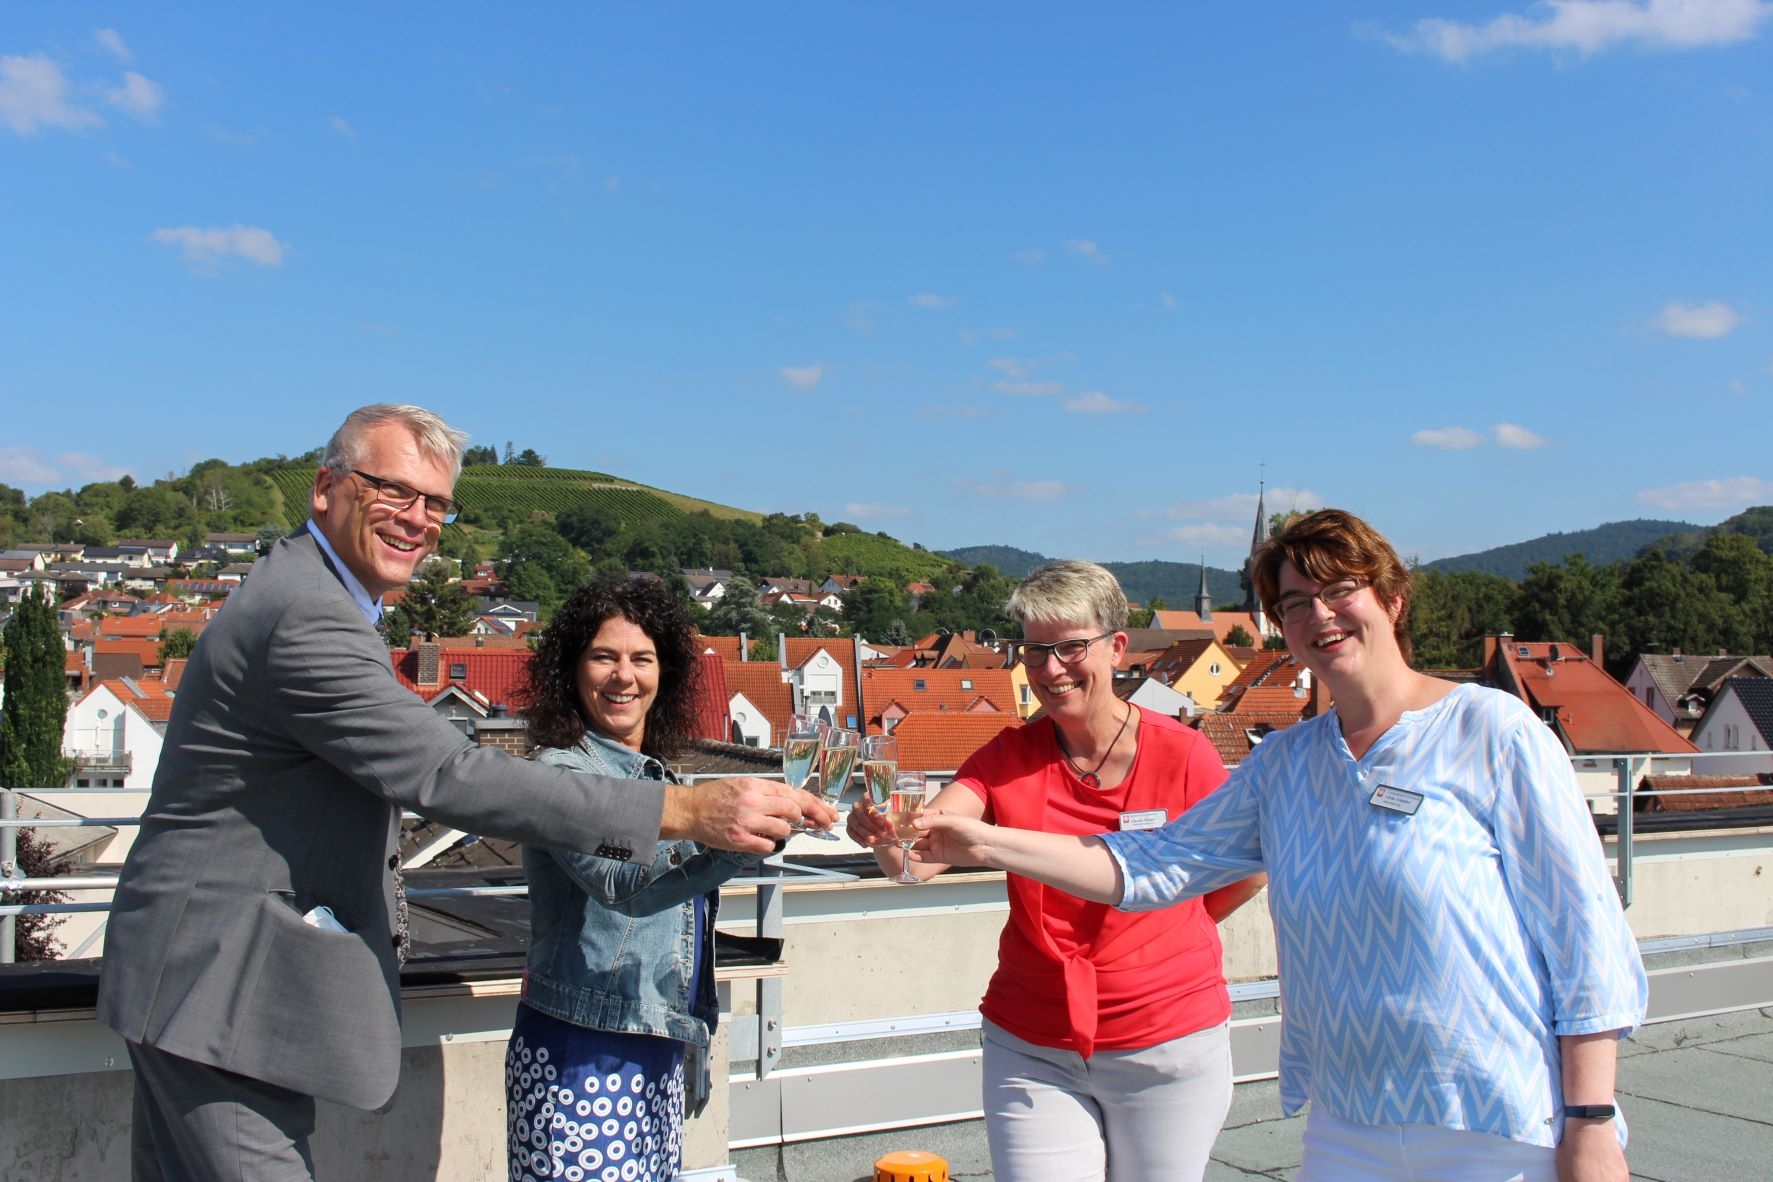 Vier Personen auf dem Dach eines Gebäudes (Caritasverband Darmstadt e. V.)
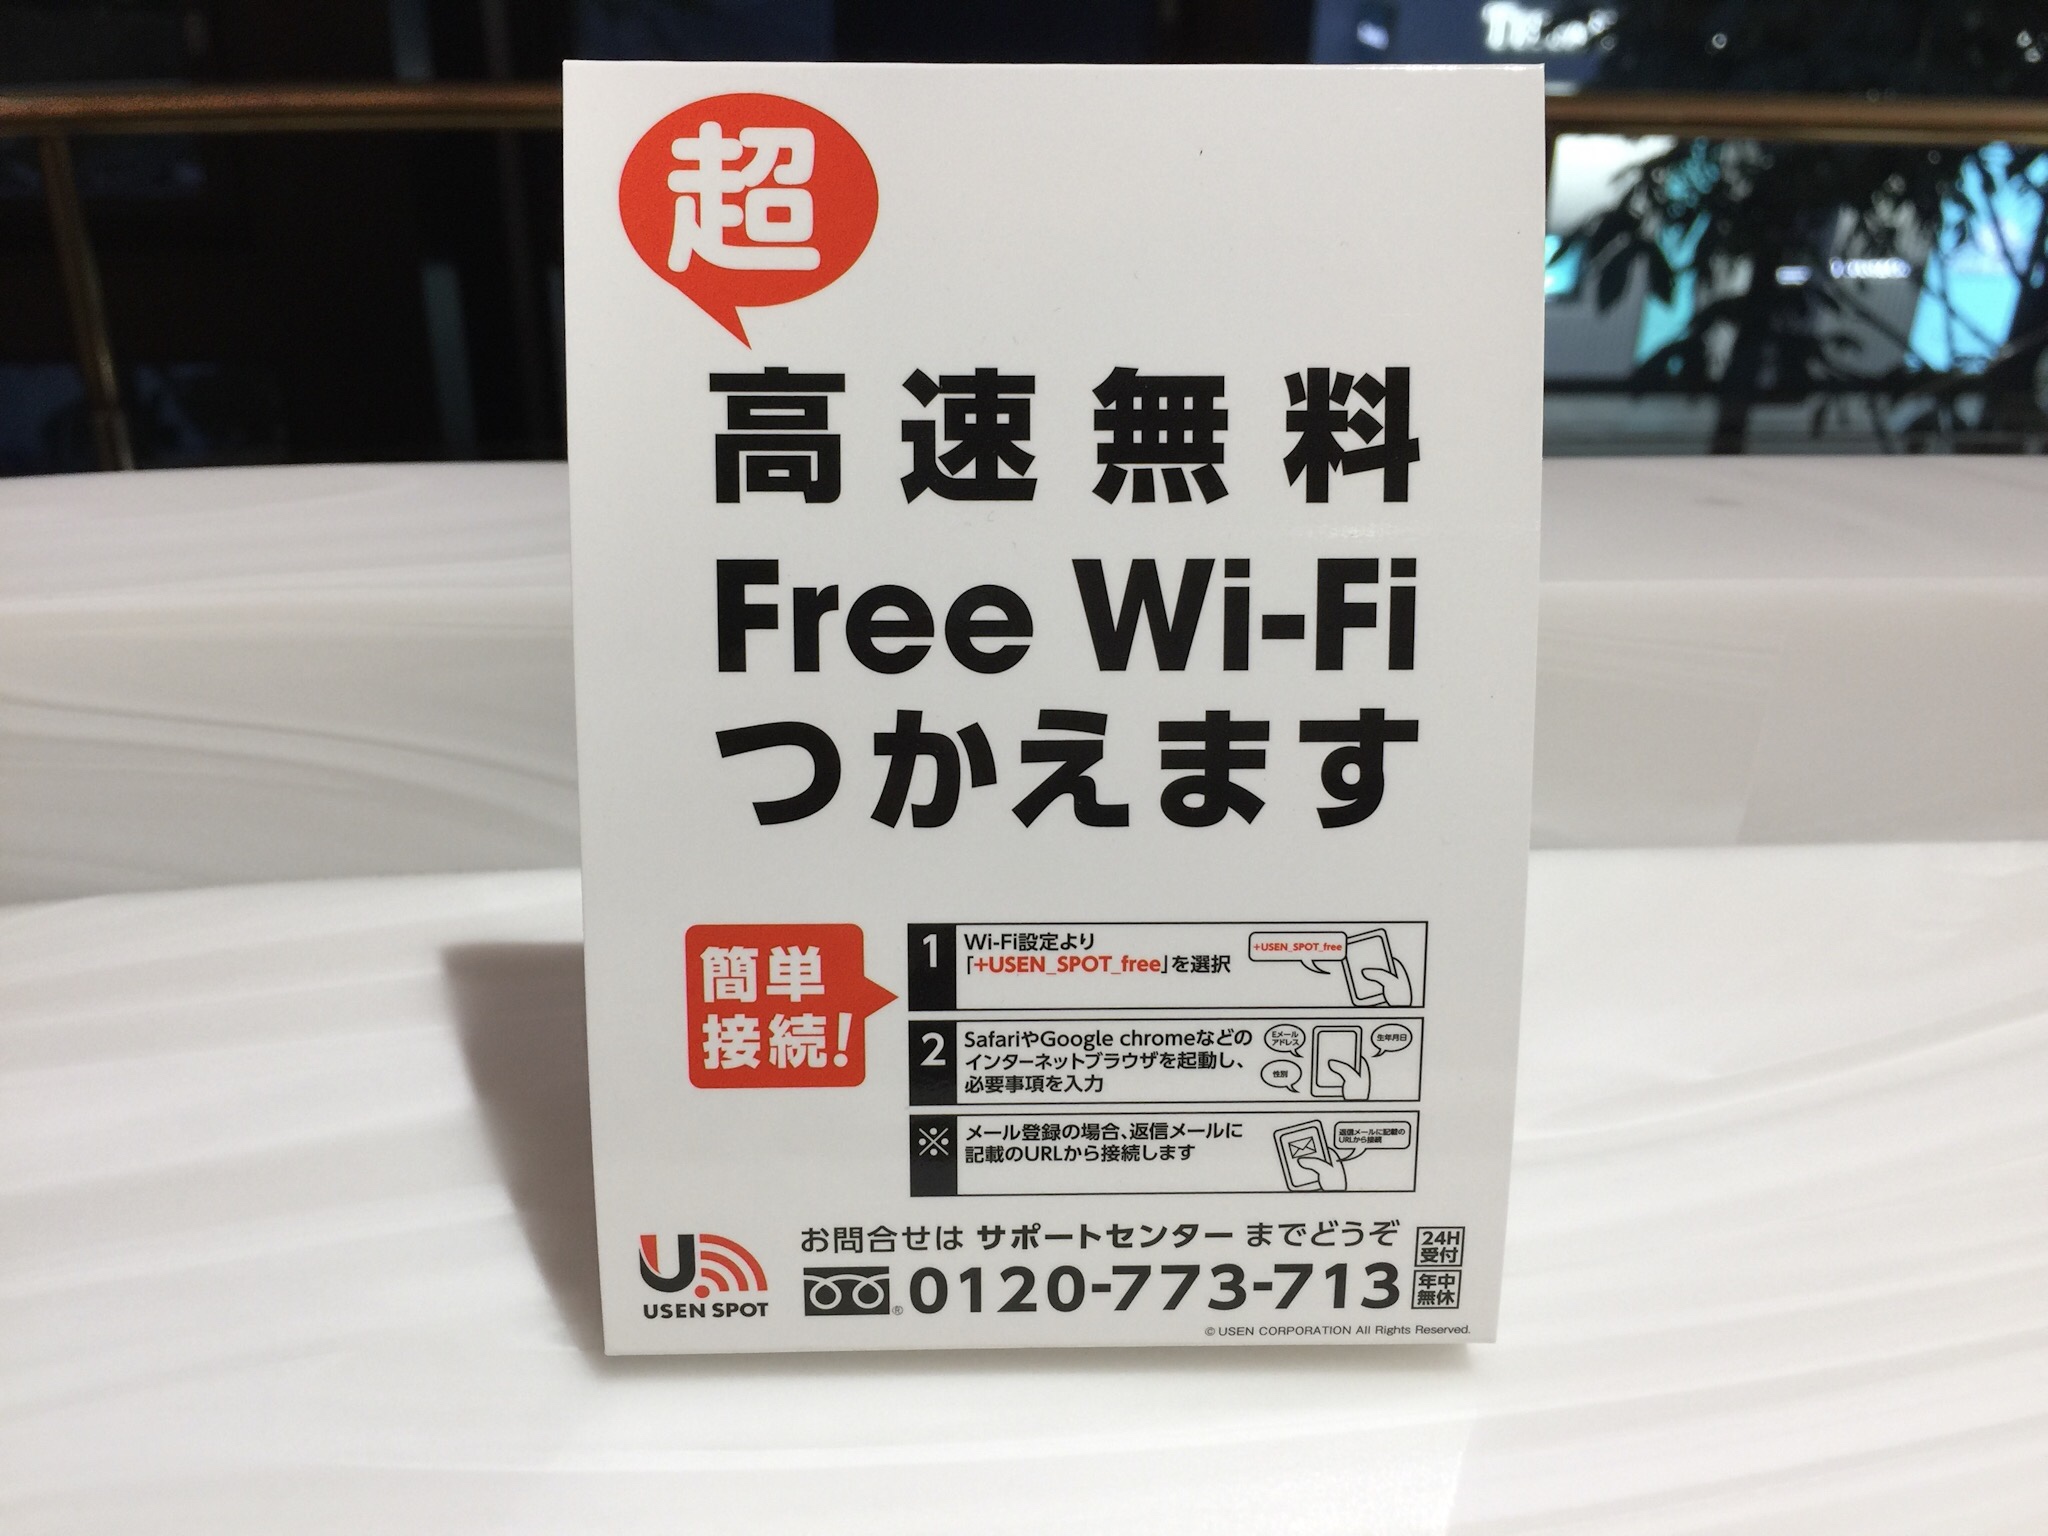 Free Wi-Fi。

---

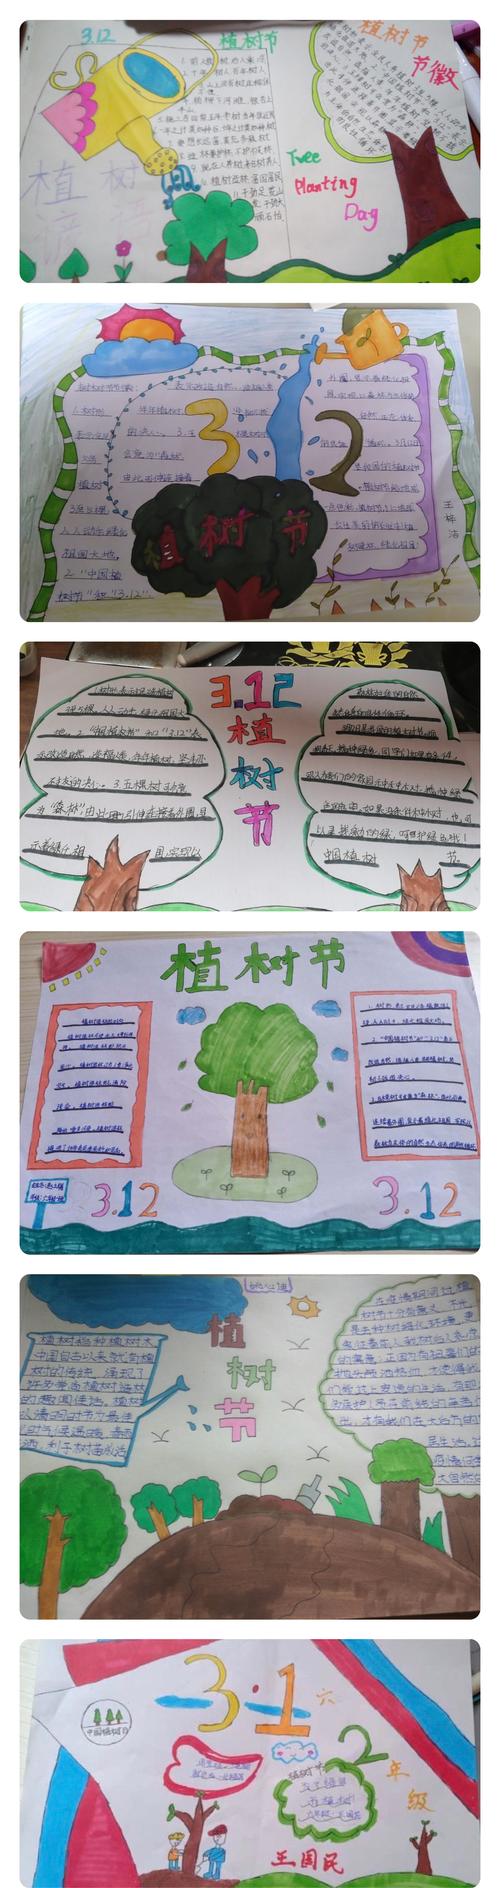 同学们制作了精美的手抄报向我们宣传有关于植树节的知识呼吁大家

* * *

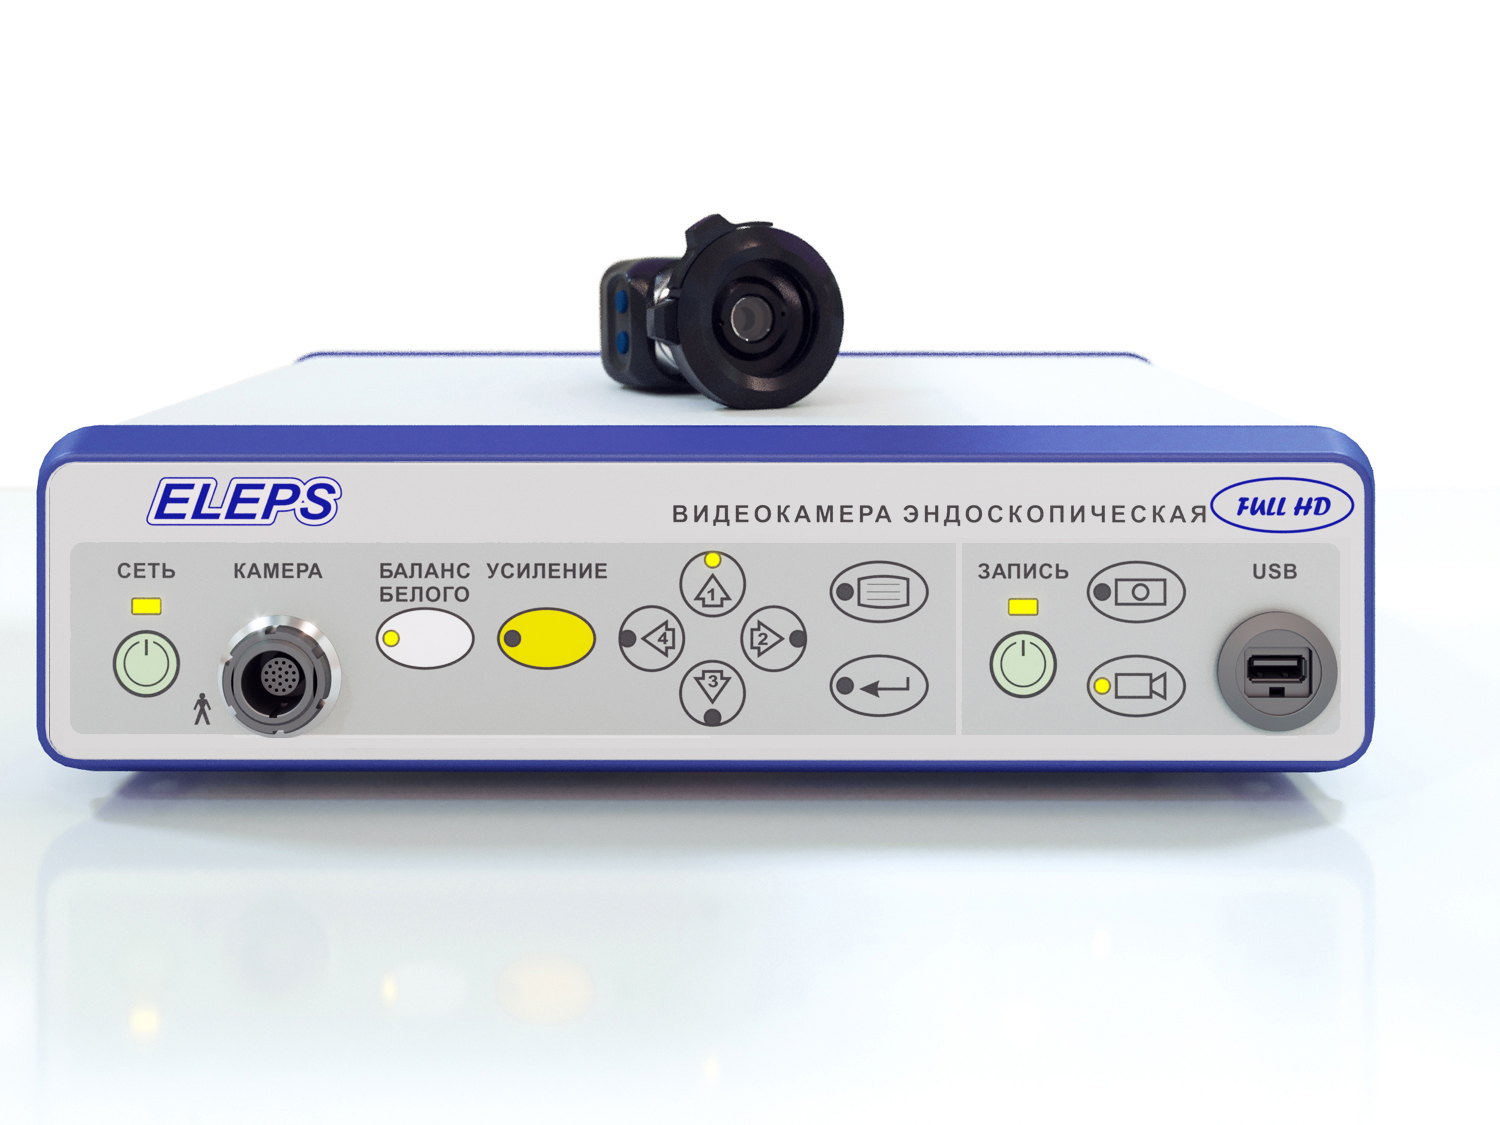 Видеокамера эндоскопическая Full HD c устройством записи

== Exercise description ==
Exact copy, no pictures. Write out the lines in the entries above, starting with the line with "Vier Personen auf" and going on through the line with "Free Wi-Fi。", keeping both.

== Response to this task ==
 Vier Personen auf dem Dach eines Gebäudes (Caritasverband Darmstadt e. V.)
 Free Wi-Fi。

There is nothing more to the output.